The secondary structure of a protein is the pattern of hydrogen bonds in a biopolymer. These determine the general three-dimensional form of local segments of the biopolymers, but does not describe the global structure of specific atomic positions in three-dimensional space, which are considered to be tertiary structure. Secondary structure is formally defined by the hydrogen bonds of the biopolymer, as observed in an atomic-resolution structure. In proteins, the secondary structure is defined by patterns of hydrogen bonds between backbone amine and carboxyl groups (sidechain–mainchain and sidechain–sidechain hydrogen bonds are irrelevant), where the DSSP definition of a hydrogen bond is used.

The secondary structure of a nucleic acid is defined by the hydrogen bonding between the nitrogenous bases.

For proteins, however, the hydrogen bonding is correlated with other structural features, which has given rise to less formal definitions of secondary structure. For example, helices can adopt backbone dihedral angles in some regions of the Ramachandran plot; thus, a segment of residues with such dihedral angles is often called a helix, regardless of whether it has the correct hydrogen bonds. Many other less formal definitions have been proposed, often applying concepts from the differential geometry of curves, such as curvature and torsion. Structural biologists solving a new atomic-resolution structure will sometimes assign its secondary structure by eye and record their assignments in the corresponding Protein Data Bank (PDB) file.

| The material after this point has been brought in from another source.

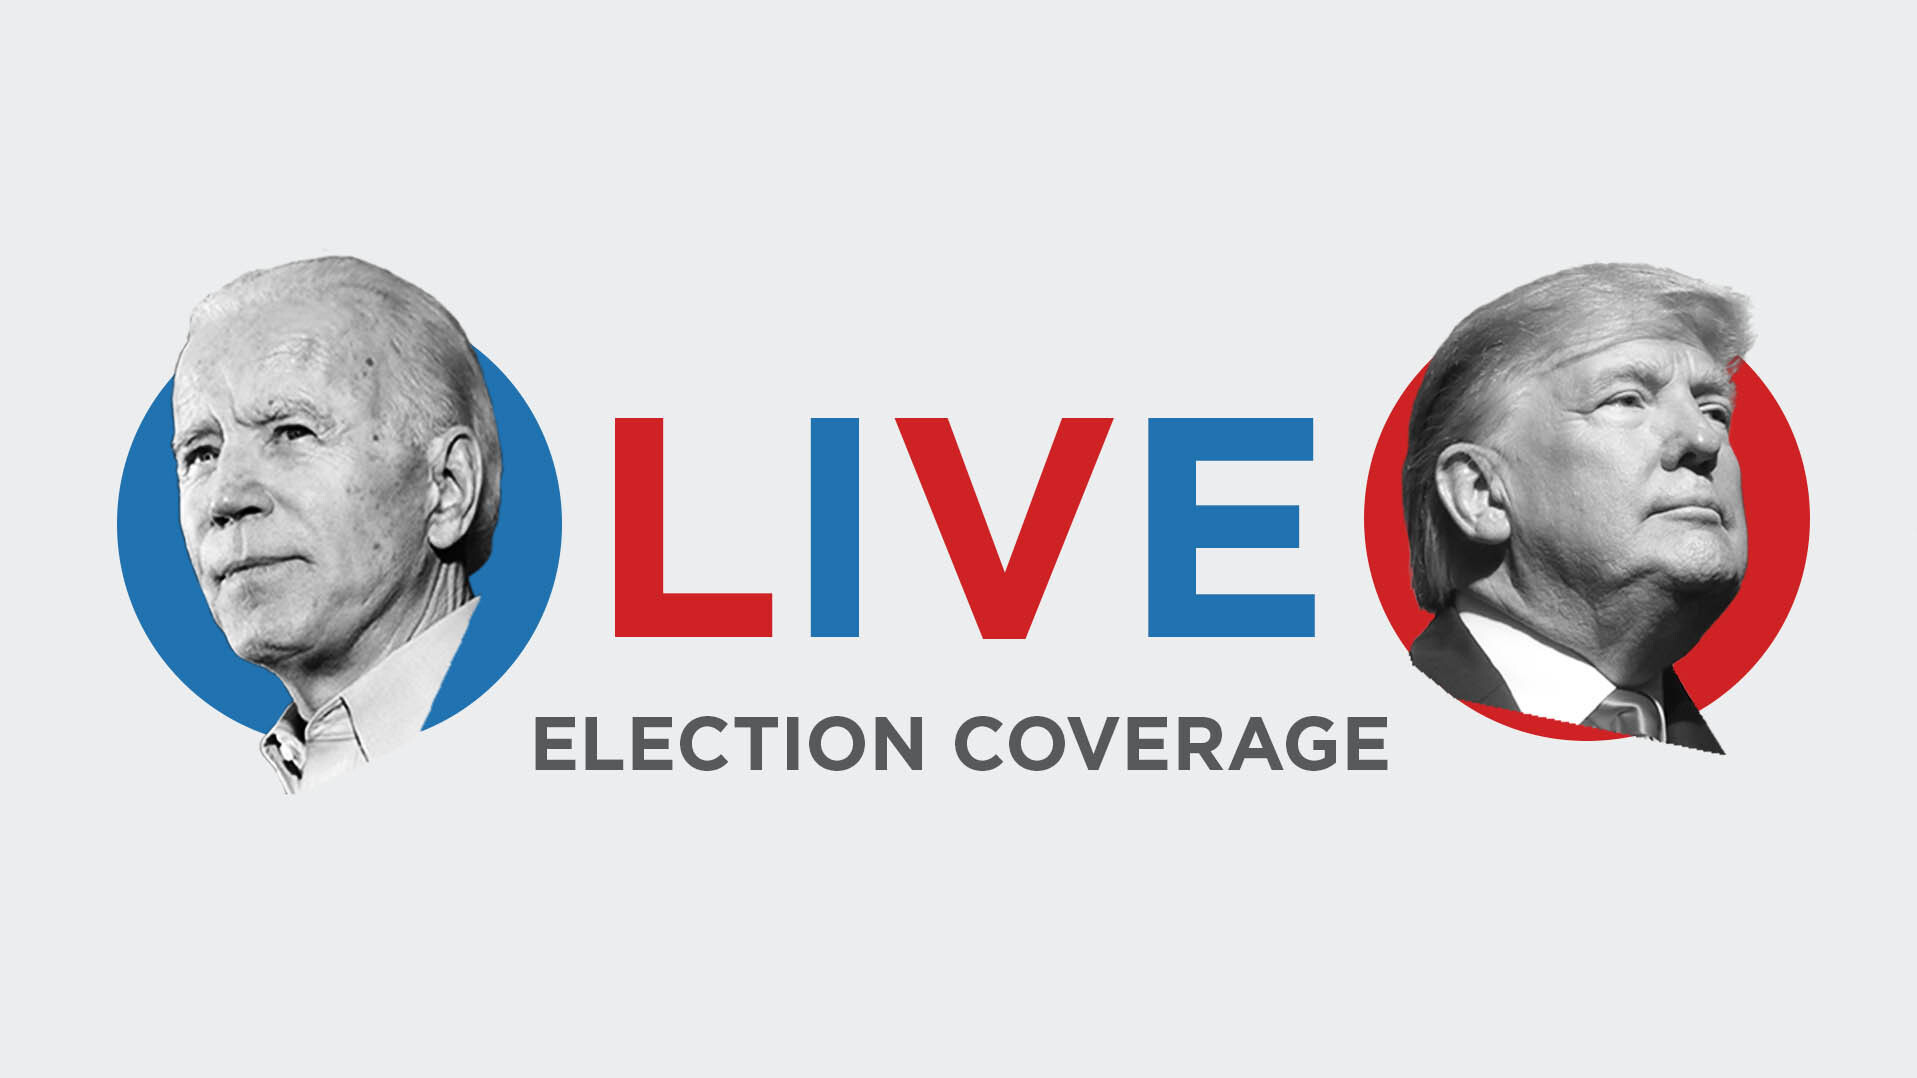 Live 2020 Election Updates From NPR: Joe Biden Has Won
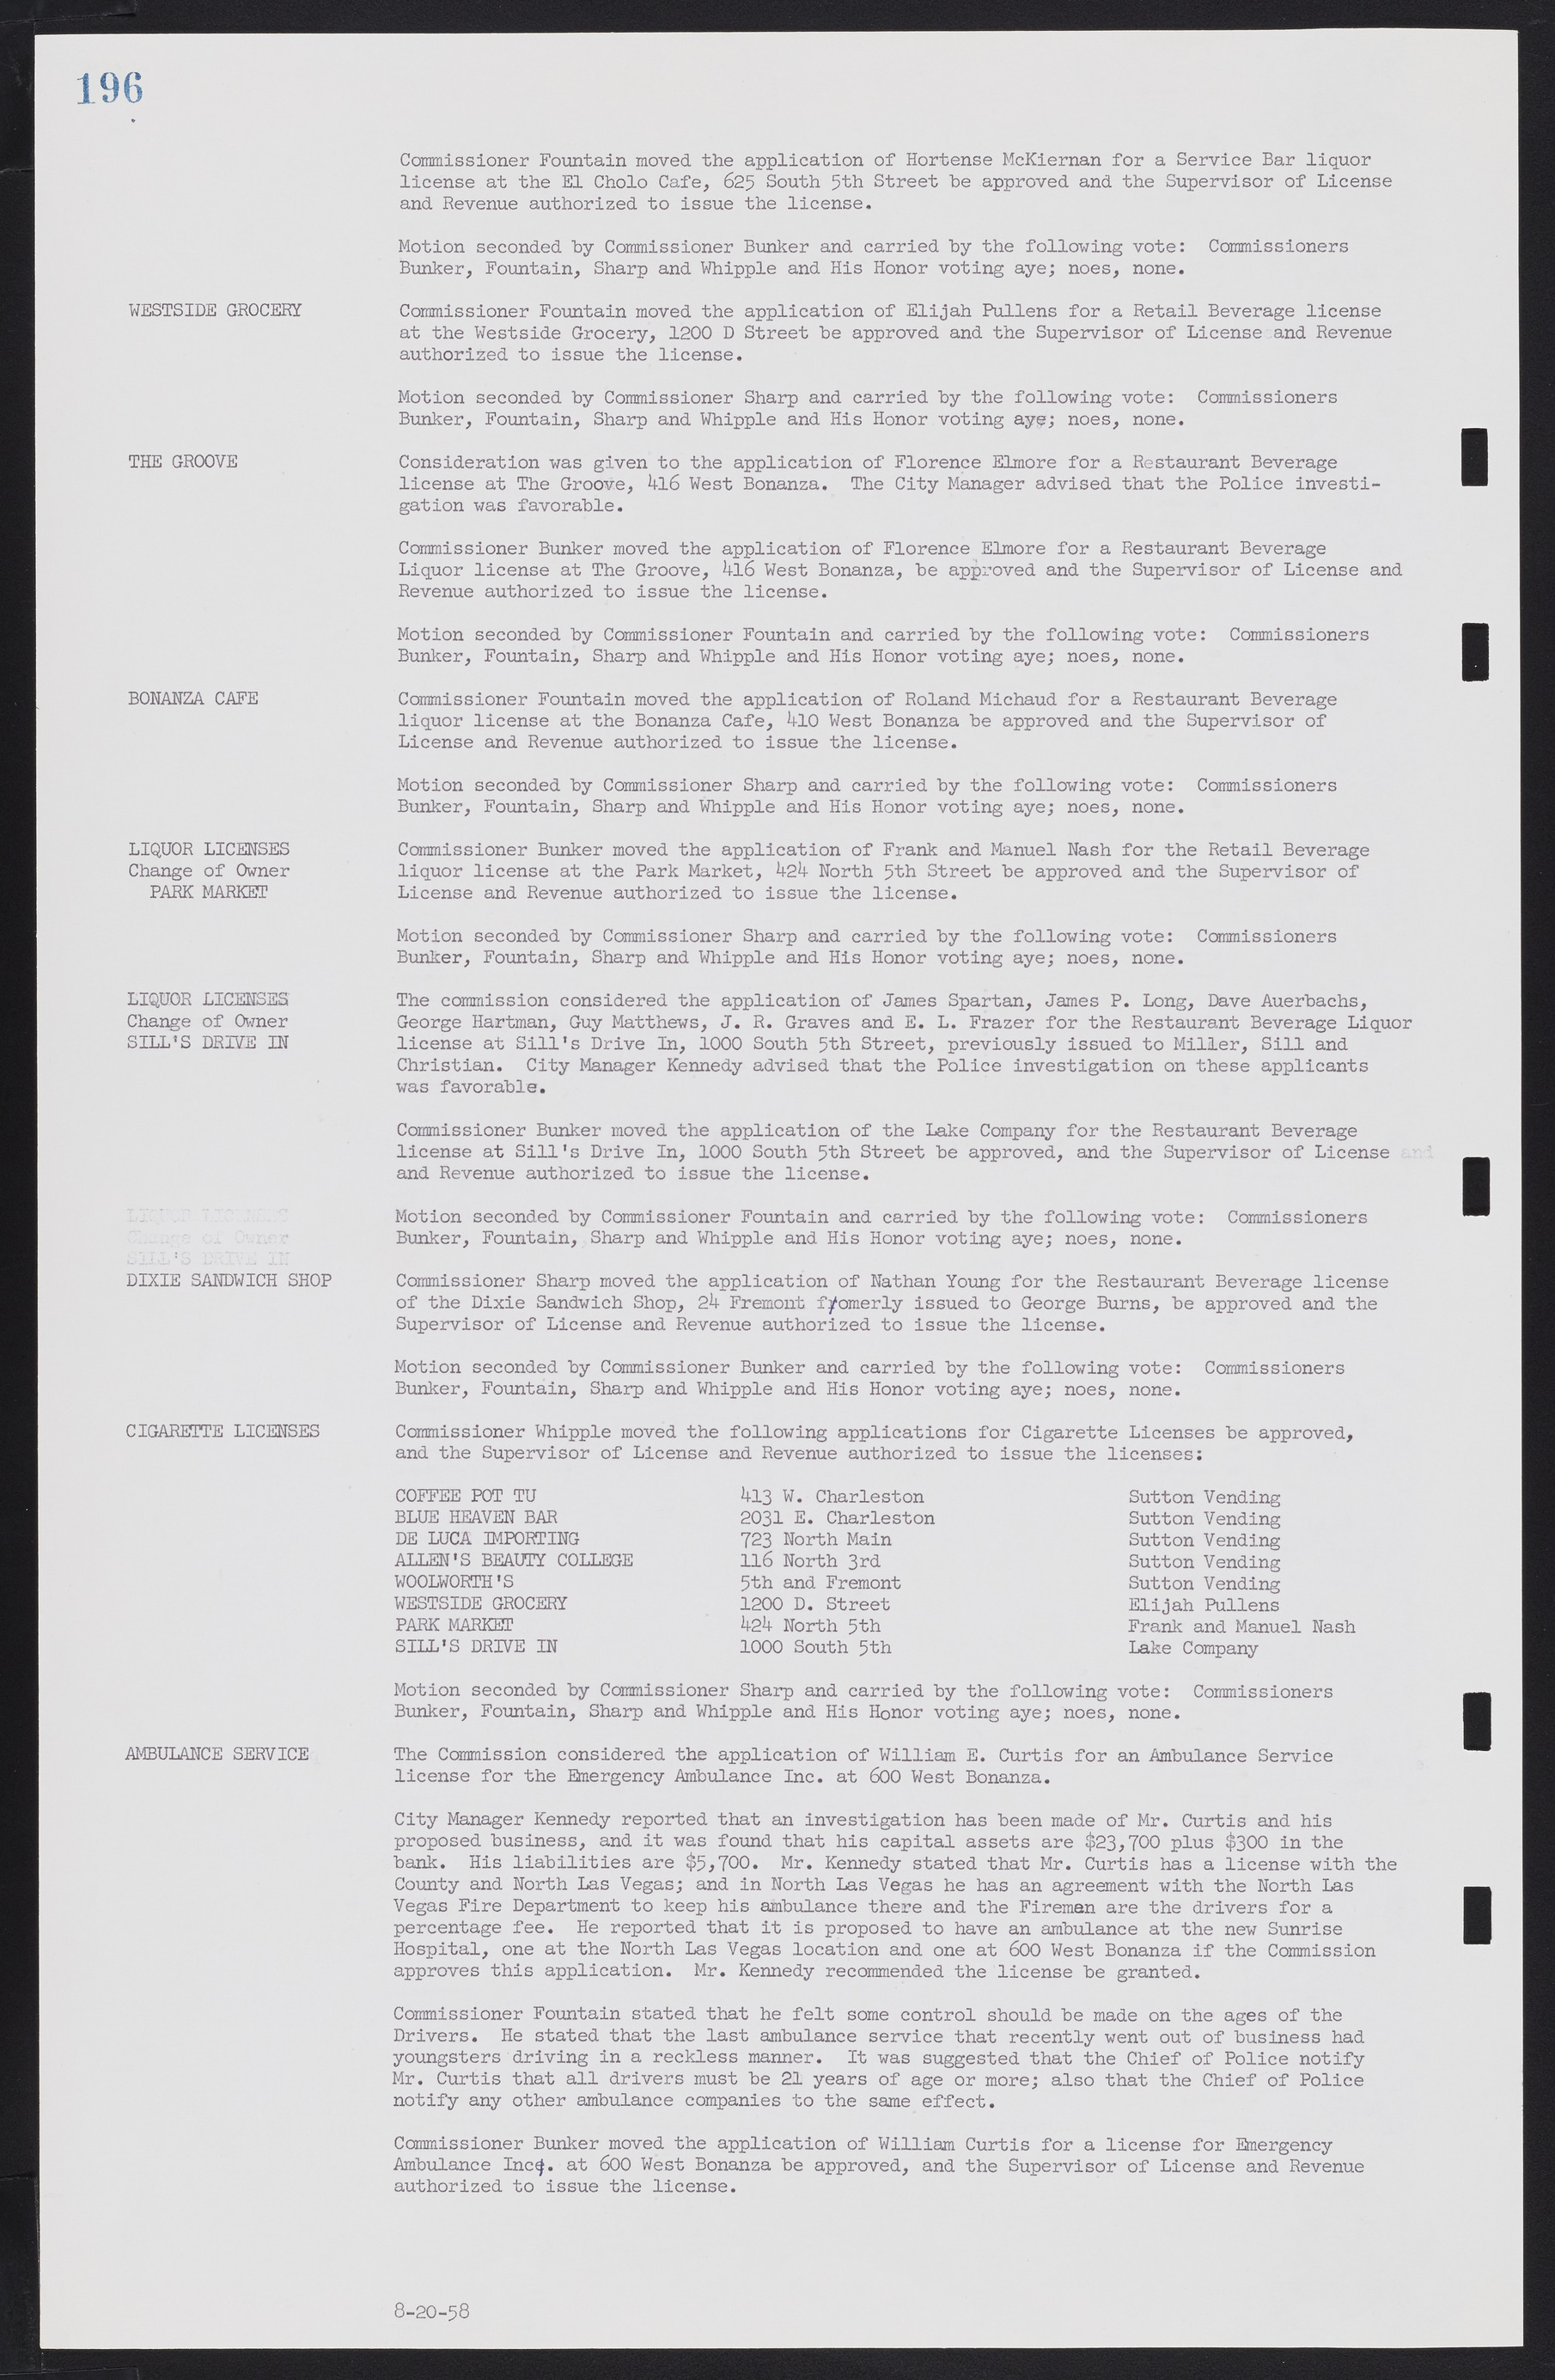 Las Vegas City Commission Minutes, November 20, 1957 to December 2, 1959, lvc000011-200

The secondary structure of a nucleic acid molecule refers to the base pairing interactions within one molecule or set of interacting molecules. The secondary structure of biological RNA's can often be uniquely decomposed into stems and loops. Often, these elements or combinations of them can be further classified, e.g. tetraloops, pseudoknots and stem loops. There are many secondary structure elements of functional importance to biological RNA. Famous examples include the Rho-independent terminator stem loops and the transfer RNA (tRNA) cloverleaf. There is a minor industry of researchers attempting to determine the secondary structure of RNA molecules. Approaches include both experimental and computational methods (see also the List of RNA structure prediction software).

==Tertiary structure==

The tertiary structure of a protein or any other macromolecule is its three-dimensional structure, as defined by the atomic coordinates. Proteins and nucleic acids fold into complex three-dimensional structures which result in the molecules' functions. While such structures are diverse and complex, they are often composed of recurring, recognizable tertiary structure motifs and domains that serve as molecular building blocks. Tertiary structure is considered to be largely determined by the biomolecule's primary structure (its sequence of amino acids or nucleotides).

==Quaternary structure==

The protein quaternary structure (Note: Here quaternary means "fourth-level structure", not "four-way interaction". Etymologically quartary is correct: quaternary is derived from Latin distributive numbers, and follows binary and ternary; while quartary is derived from Latin ordinal numbers, and follows secondary and tertiary. However, quaternary is standard in biology.) refers to the number and arrangement of multiple protein molecules in a multi-subunit complex.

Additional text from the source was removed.